Asher was hailed as a pioneer in challenging the value of excessive bed rest following treatment, and argued that the Pel–Ebstein fever (a fever characteristic for Hodgkin's disease) was an example of a condition that exists only because it has a name. Asher's 1949 paper "Myxoedematous Madness" alerted a generation of physicians to the interaction between the brain and the thyroid gland. As a result, young and elderly psychiatric patients are now screened for thyroid malfunction.
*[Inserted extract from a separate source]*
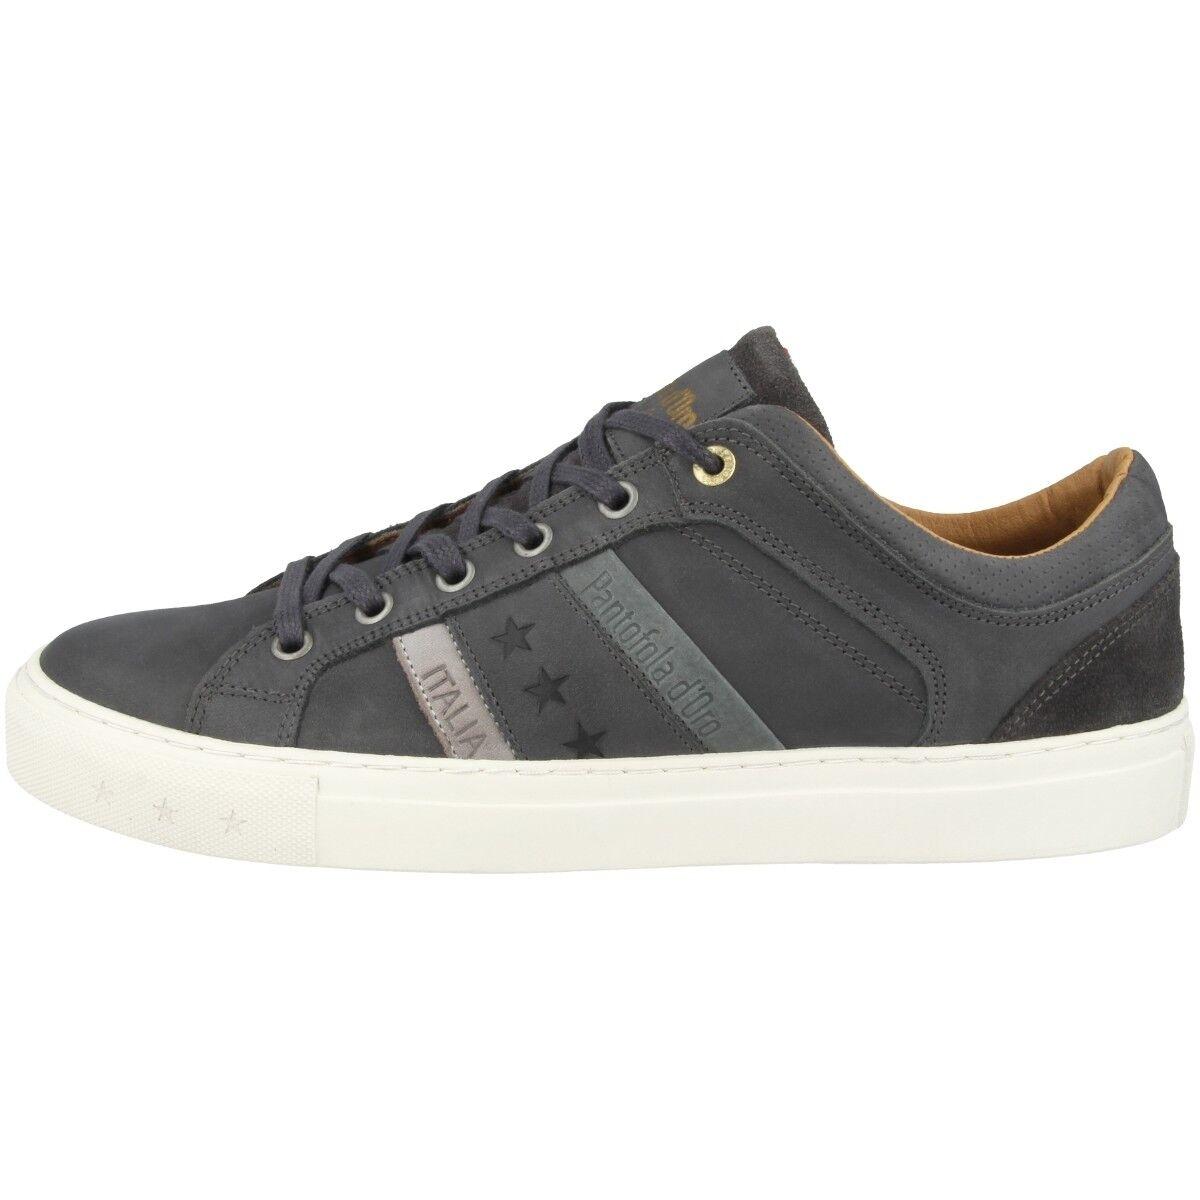 Pantofola d Oro Monza  Herren Niedrig Cut Schuhe Schuhe Schuhe Herren Sneaker shadow 10173028.7ZW 1dc56e

Some of the 'madness' cases are now thought to be the early descriptions of Hashimoto's encephalopathy, a rare neuroendocrine syndrome sometimes presenting with psychosis.

==Notable articles==
Asher is remembered today mostly for his "refreshingly provoking" articles which "sparkle with sequins--his own aphorisms, imaginary dialogue, fantasies, quotations." He thought that medical writing should provide "useful, understandable, and practical knowledge instead of allotov-words-2-obscure-4-any-1,2-succidin-understanding-them." Anthologies of his articles were well-received, with the Talking Sense collection being described as "still the best advice on medical writing." Notable articles include:
- The Dangers of Going to Bed (1947) - "one of the most influential medical papers ever written"
- The Seven Sins of Medicine (1949, in Lancet 1949 Aug 27;2(6574):358-60)
- Myxoedematous Madness (1949)
- Munchausen's syndrome (1951, in Lancet 1951 Feb 10;1(6650):339-41)
- Straight and Crooked Thinking in Medicine (1954)
- Respectable Hypnosis (1956)
- Why Are Medical Journals So Dull? (1958)
- The Talking Sense trilogy:
  - Clinical Sense (1959) with a rueful correction in The Dog in the Night-time (1960)
  - Making Sense (1959, in Lancet, 1959, 2, 359)
  - Talking Sense (1959, in Lancet, 1959, 2, 417)
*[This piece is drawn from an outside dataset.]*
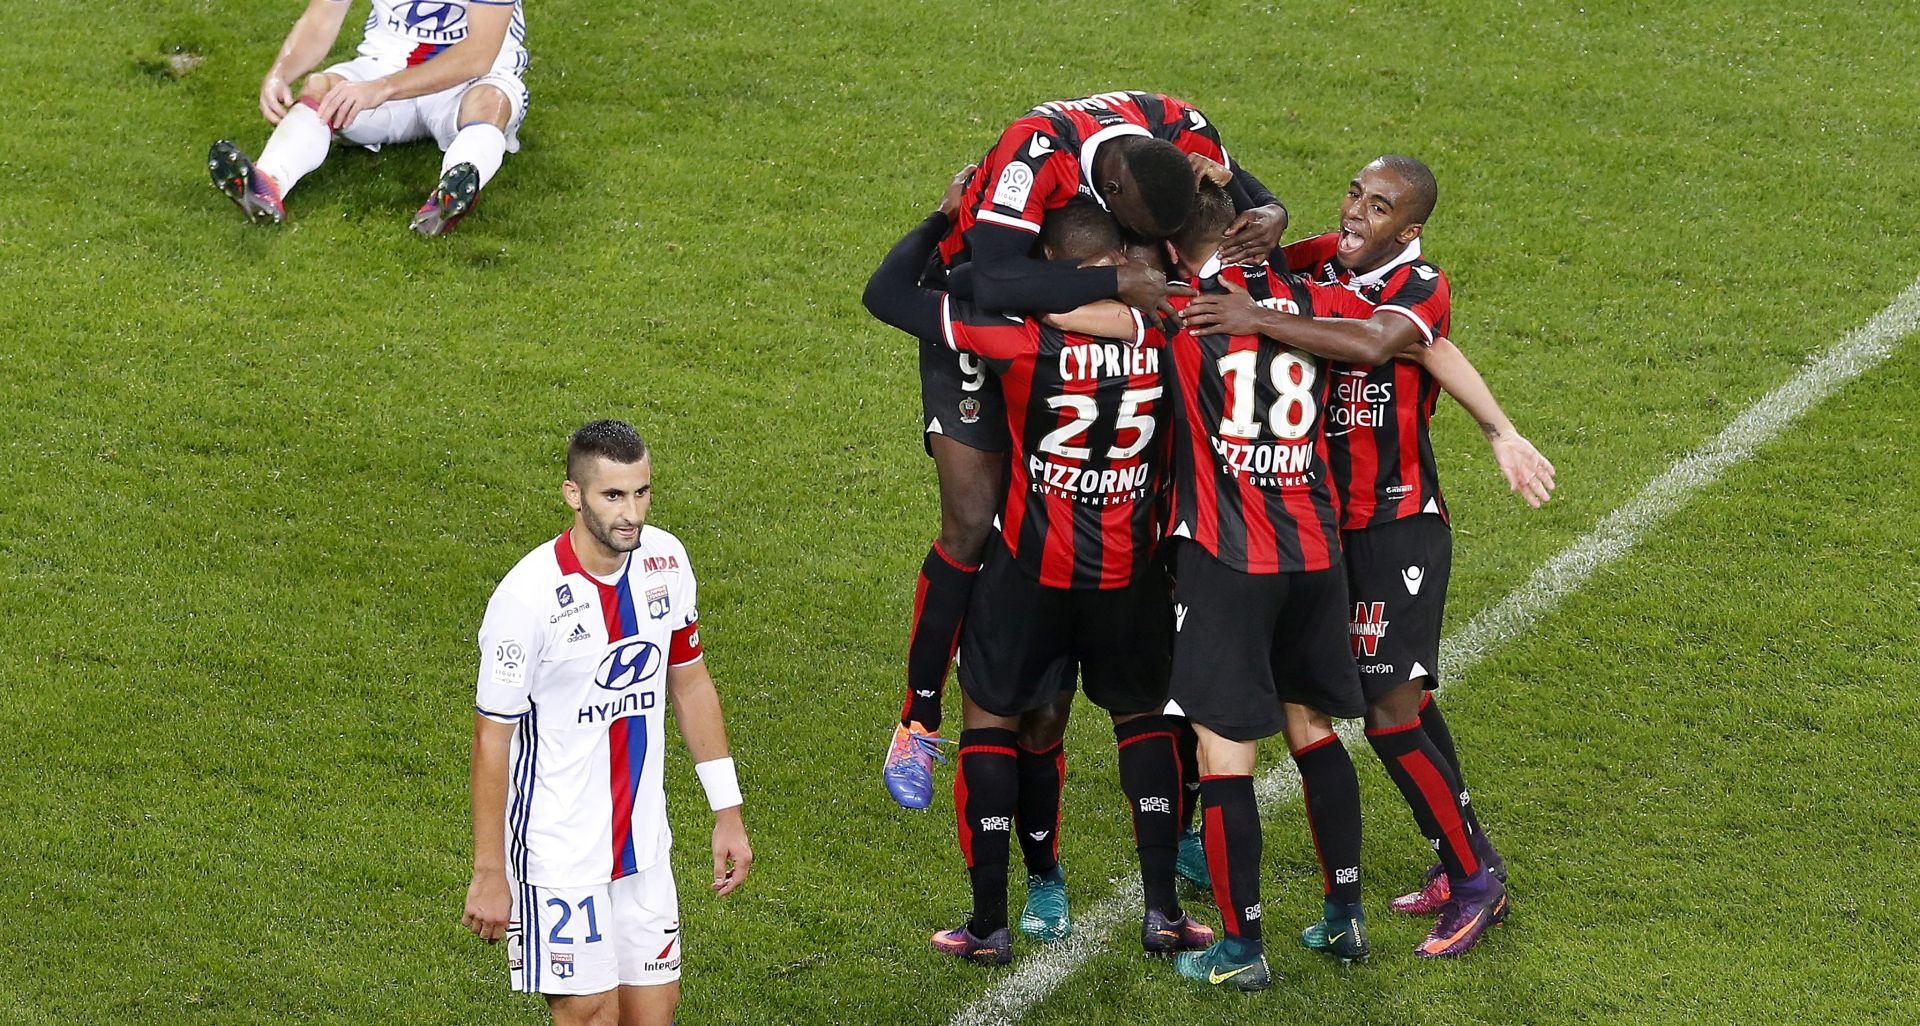 LIGUE 1 Nica nastavlja s pobjedama, Balotelli promašio penal, Subašić primio tri gola

=="Seven Sins of Medicine"==

The "Seven Sins of Medicine" is a lecture delivered by Asher and later published in The Lancet, describing medical professional behaviour that is considered inappropriate. These sins are often quoted to students:
1. Obscurity
2. Cruelty
3. Bad manners
4. Over-specialisation
5. Love of the rare
6. Common stupidity
7. Sloth

==Prize in his memory==
From 1995 to 2010 an annual prize (2010 value £1,200) in memory of Asher was awarded by the Royal Society of Medicine and the Society of Authors for the best first edition textbook aimed at undergraduate students. The most recent prize was presented to Hugo Farne, Edward Norris-Cervetto and James Warbrick-Smith for their book "Oxford Cases in Medicine and Surgery" at the Royal Society of Medicine, 27 October 2010.